After living in various houses over many years, Gerald and Natasha dreamt of one day owning a home that truly suited their style and reflected their way of living. To achieve this, instead of buying and extensively modifying an existing property, they decided to build their own. The couple were able to find a plot of land that would be ideal for redevelopment. The site’s history was as a scrap metal disposal centre and so the clearing of the area (which included uncovering asbestos sheets and two buried cars) was an immense task, but it was the first step towards realising their dream.
Looking into oak frame construction, they realised they might be restricted in terms of their budget and style choices, so the couple began considering timber frame. They were attracted to the way this building system can accommodate any design, is quick to put up and has high insulation values.

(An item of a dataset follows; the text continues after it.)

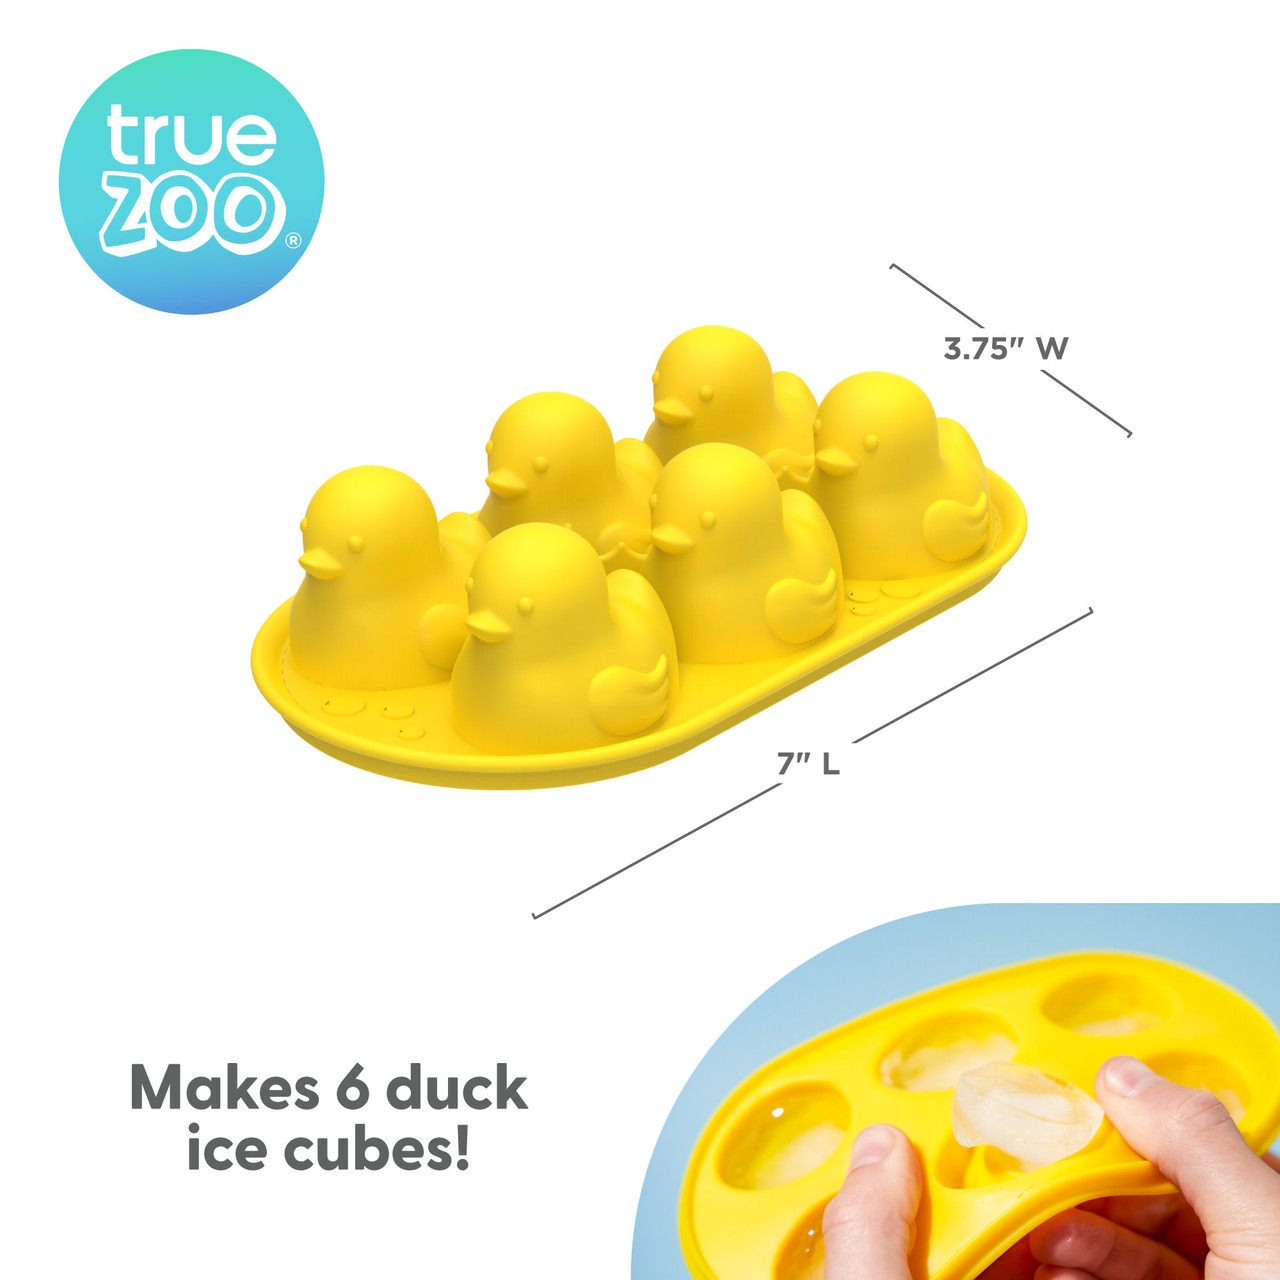 Quack the Ice Silicone Ice Cube Tray by TrueZoo

Scandia-Hus’s reputation for quality and the impressive examples of its past builds influenced the couple’s decision to work with the firm. Gerald’s initial plan had been to be heavily involved with the process; however, work commitments meant this was not feasible, so one of Scandia-Hus’s highly knowledgeable project managers came on board to support the self-builders on their journey.
The local planning authority imposed strict guidelines on the height and overall size of property that would be allowed, so the firm’s in-house architectural designers included a basement into the design. Light wells flood the below-ground room with brightness; something of a “design triumph” according to the customers. The finished home is a beautiful three-storey, Tudor-inspired farmhouse, which nestles perfectly into its rural setting with staggering uninterrupted views of the surrounding countryside. When asked whether they would self-build again, Gerald and Natasha simply answer: “Absolutely!”